Input data =>
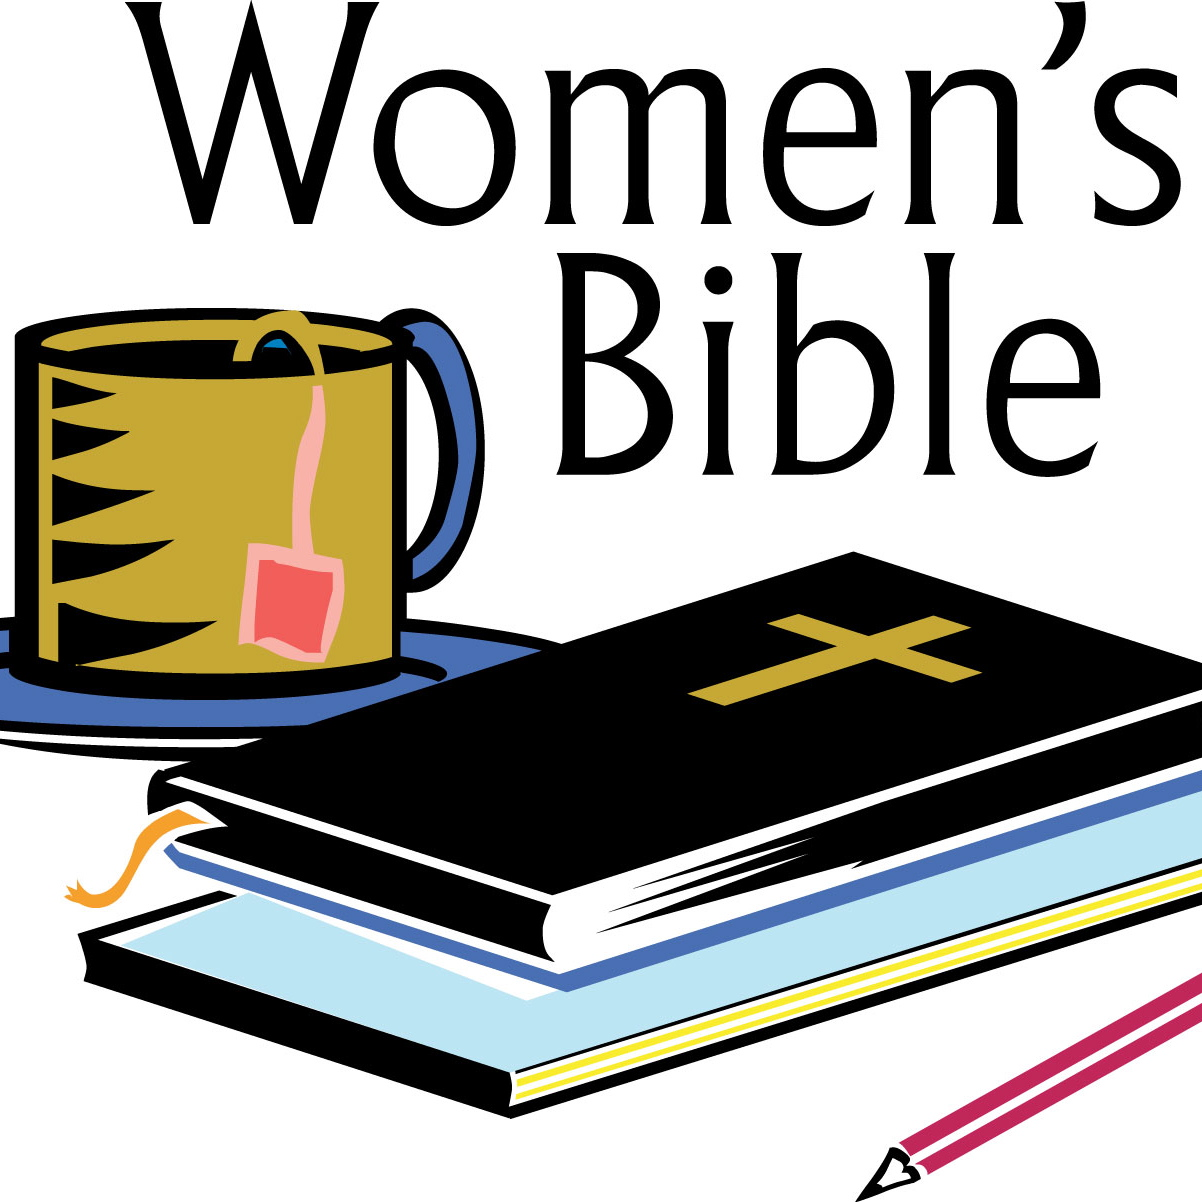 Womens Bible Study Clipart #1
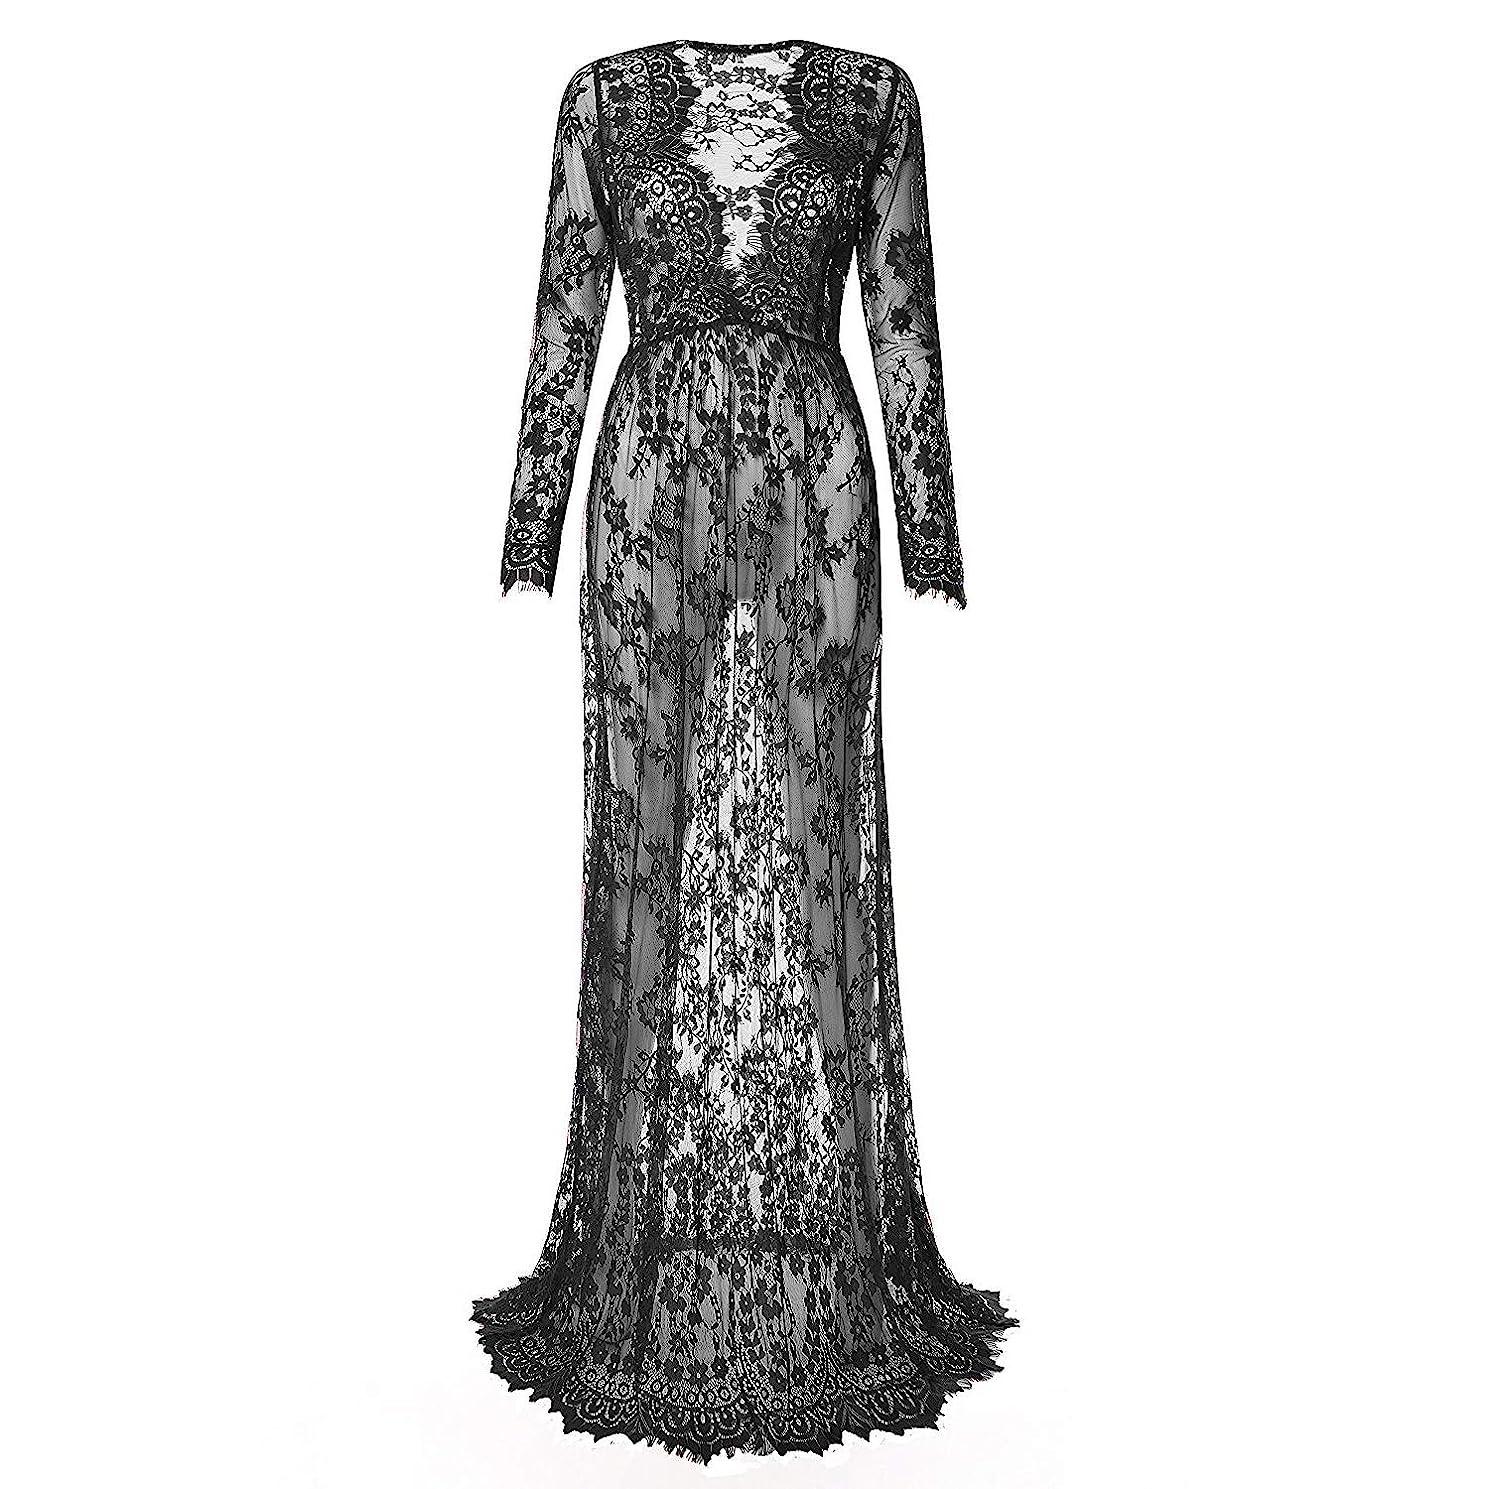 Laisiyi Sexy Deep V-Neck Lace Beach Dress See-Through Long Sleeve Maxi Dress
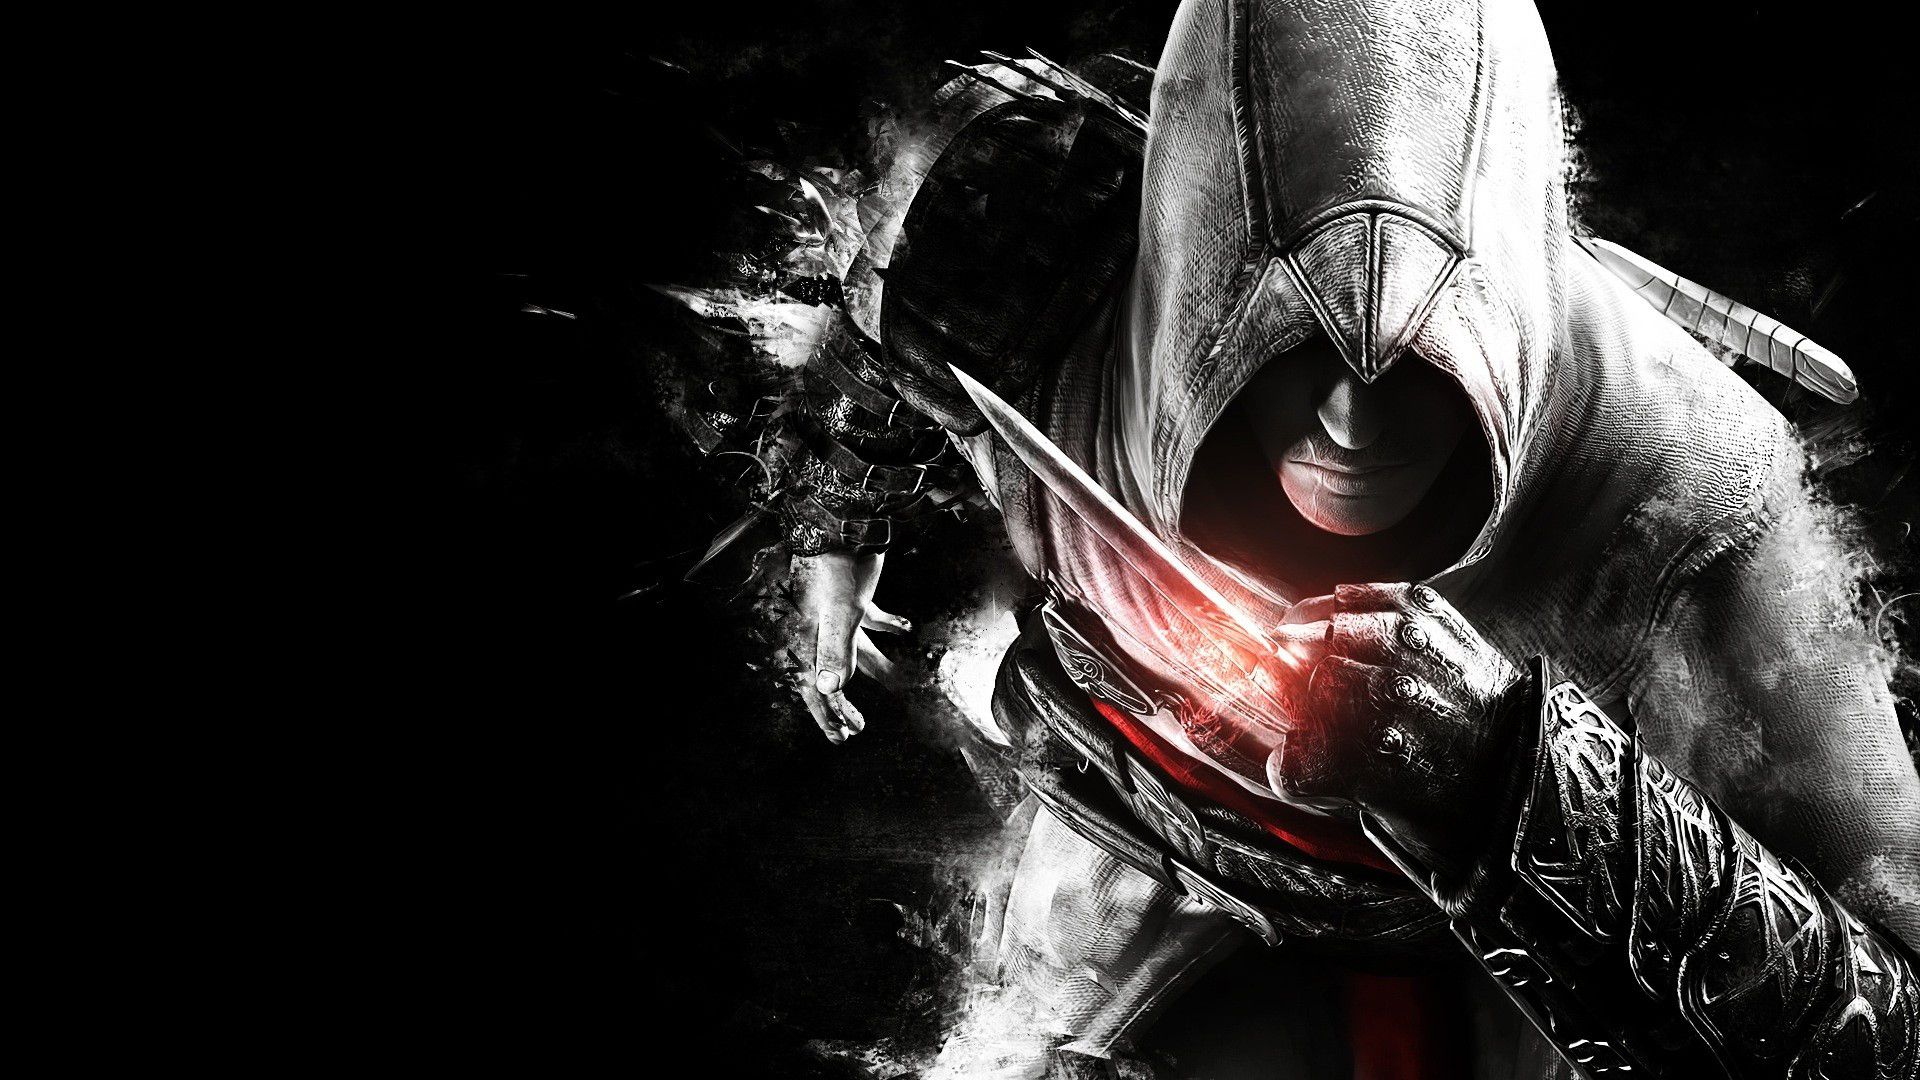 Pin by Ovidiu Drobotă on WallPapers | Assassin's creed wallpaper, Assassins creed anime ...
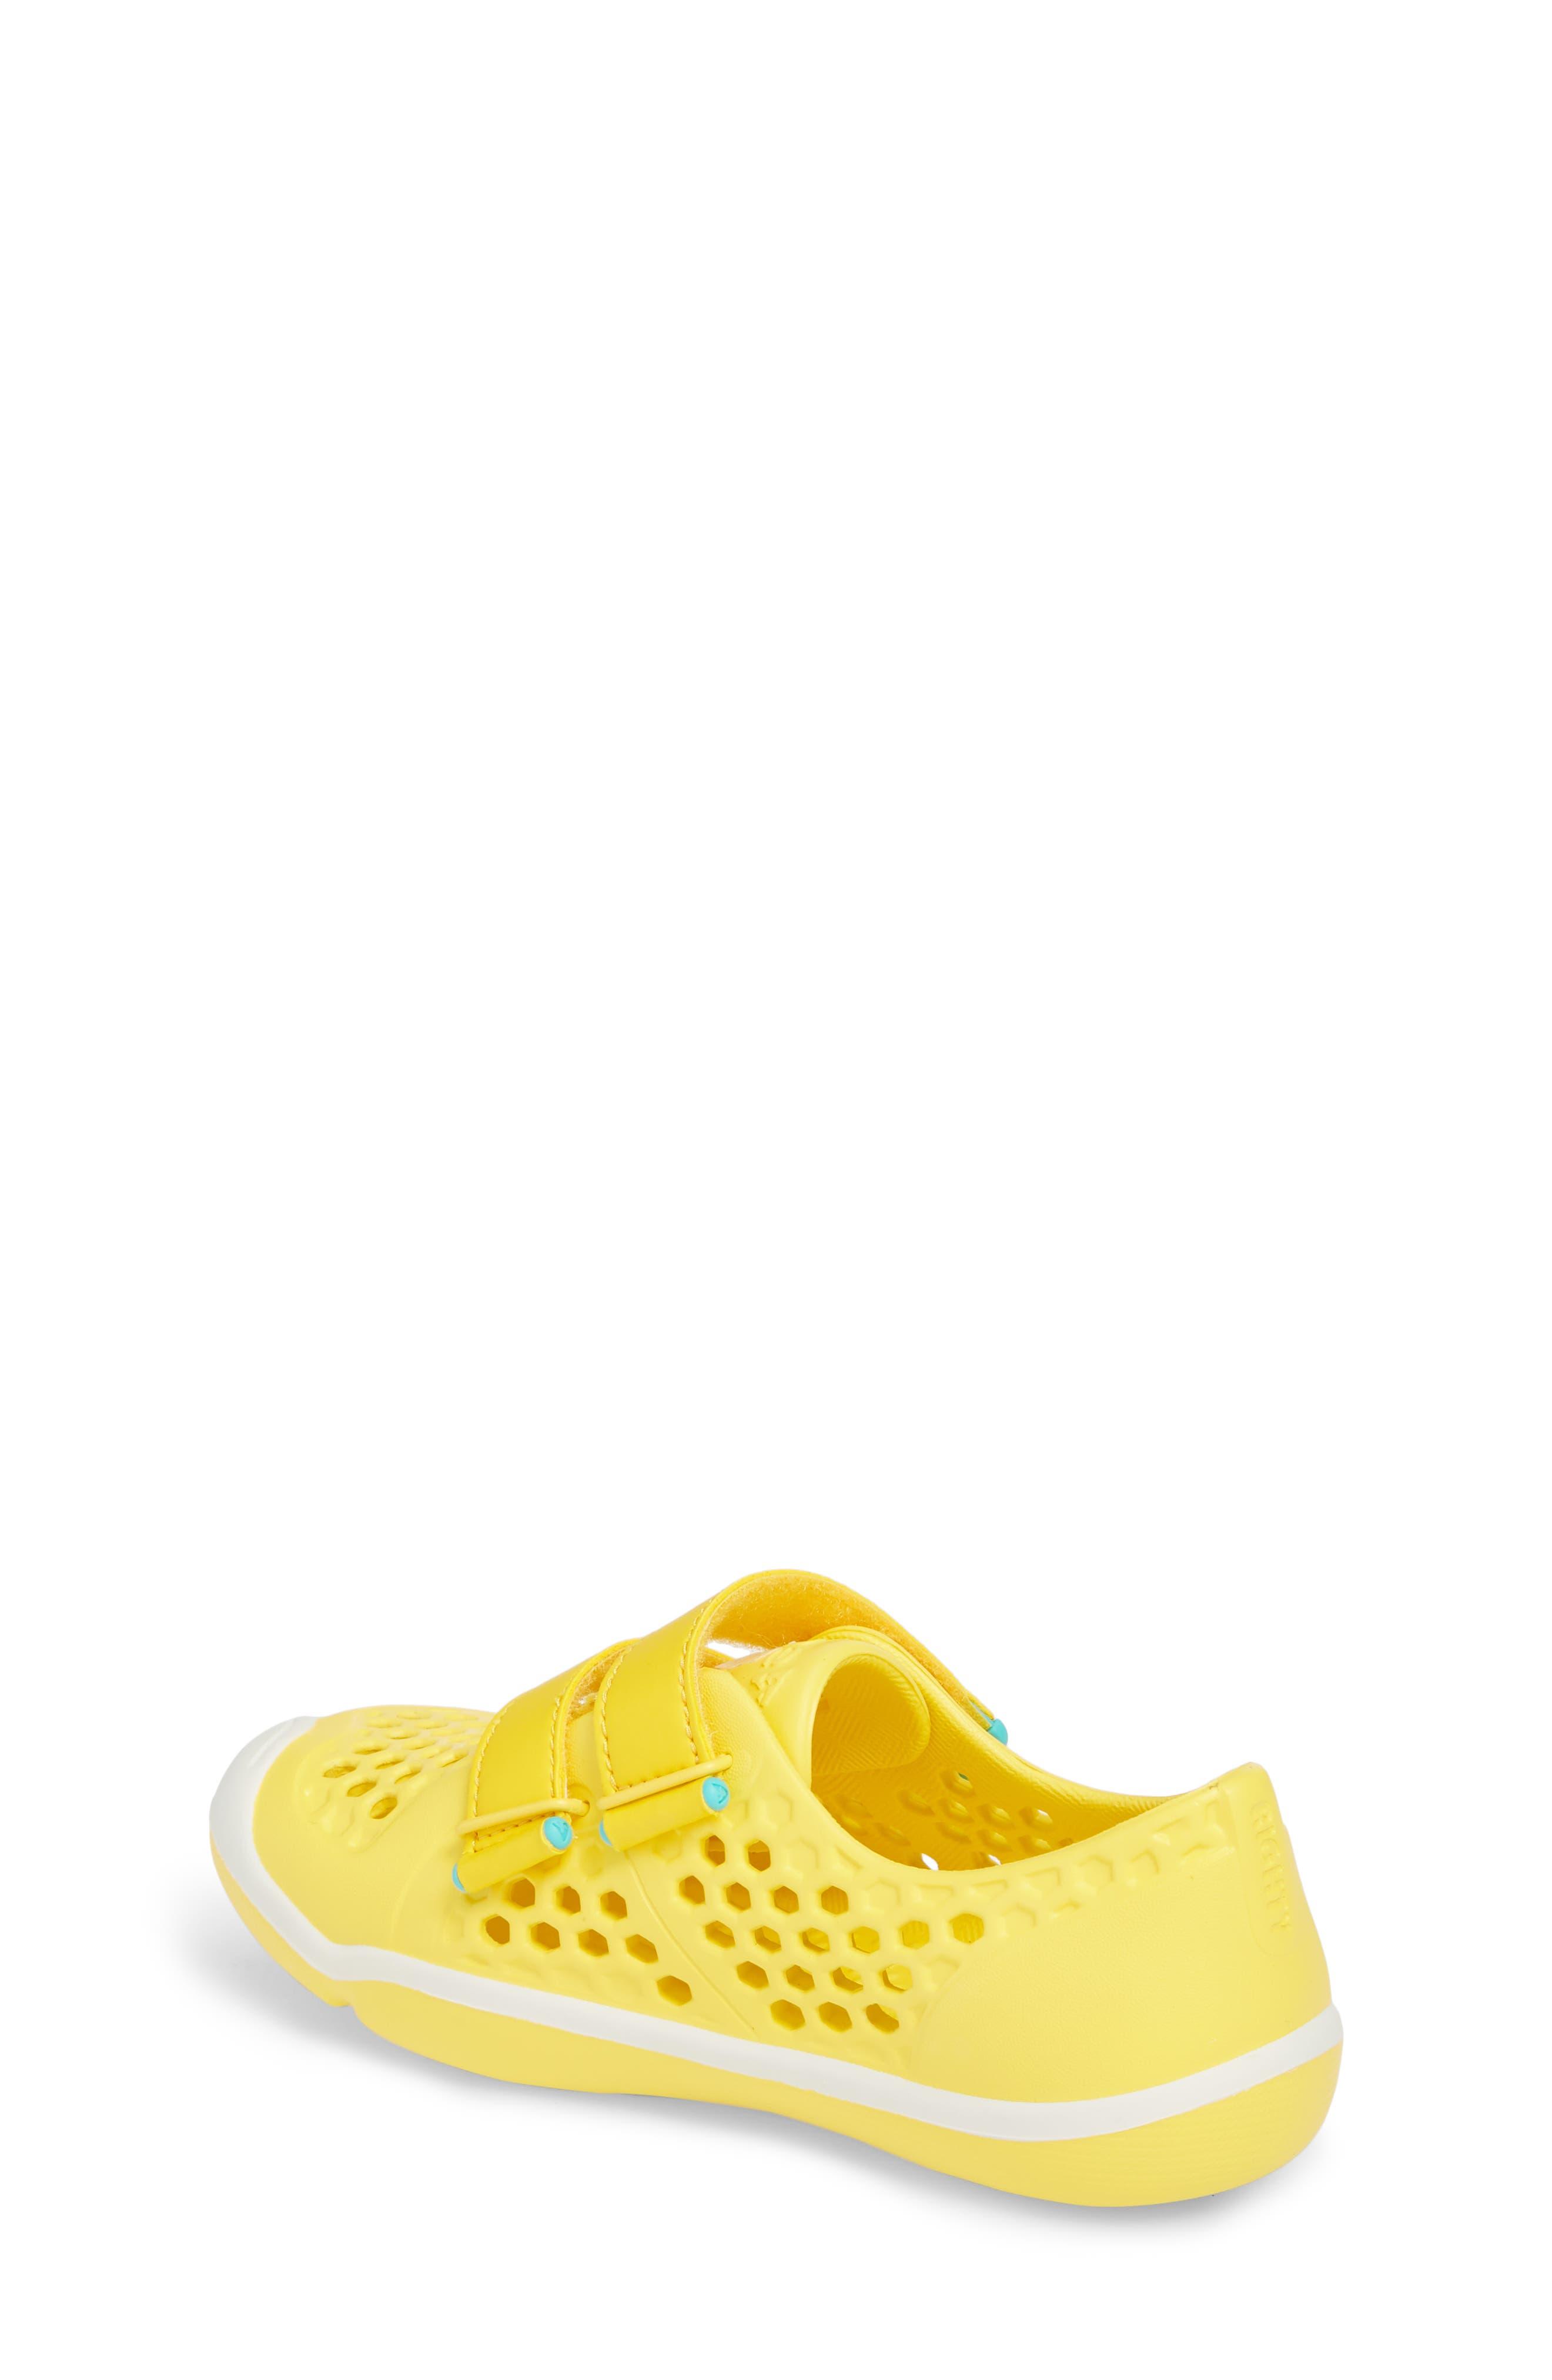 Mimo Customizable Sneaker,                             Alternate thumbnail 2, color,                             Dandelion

What to work on =>
The expected output is every line of the data, unchanged, with the pictures skipped.

Result of the task =>
 Womens Bible Study Clipart #1
 Laisiyi Sexy Deep V-Neck Lace Beach Dress See-Through Long Sleeve Maxi Dress
 Pin by Ovidiu Drobotă on WallPapers | Assassin's creed wallpaper, Assassins creed anime ...
 Mimo Customizable Sneaker,                             Alternate thumbnail 2, color,                             Dandelion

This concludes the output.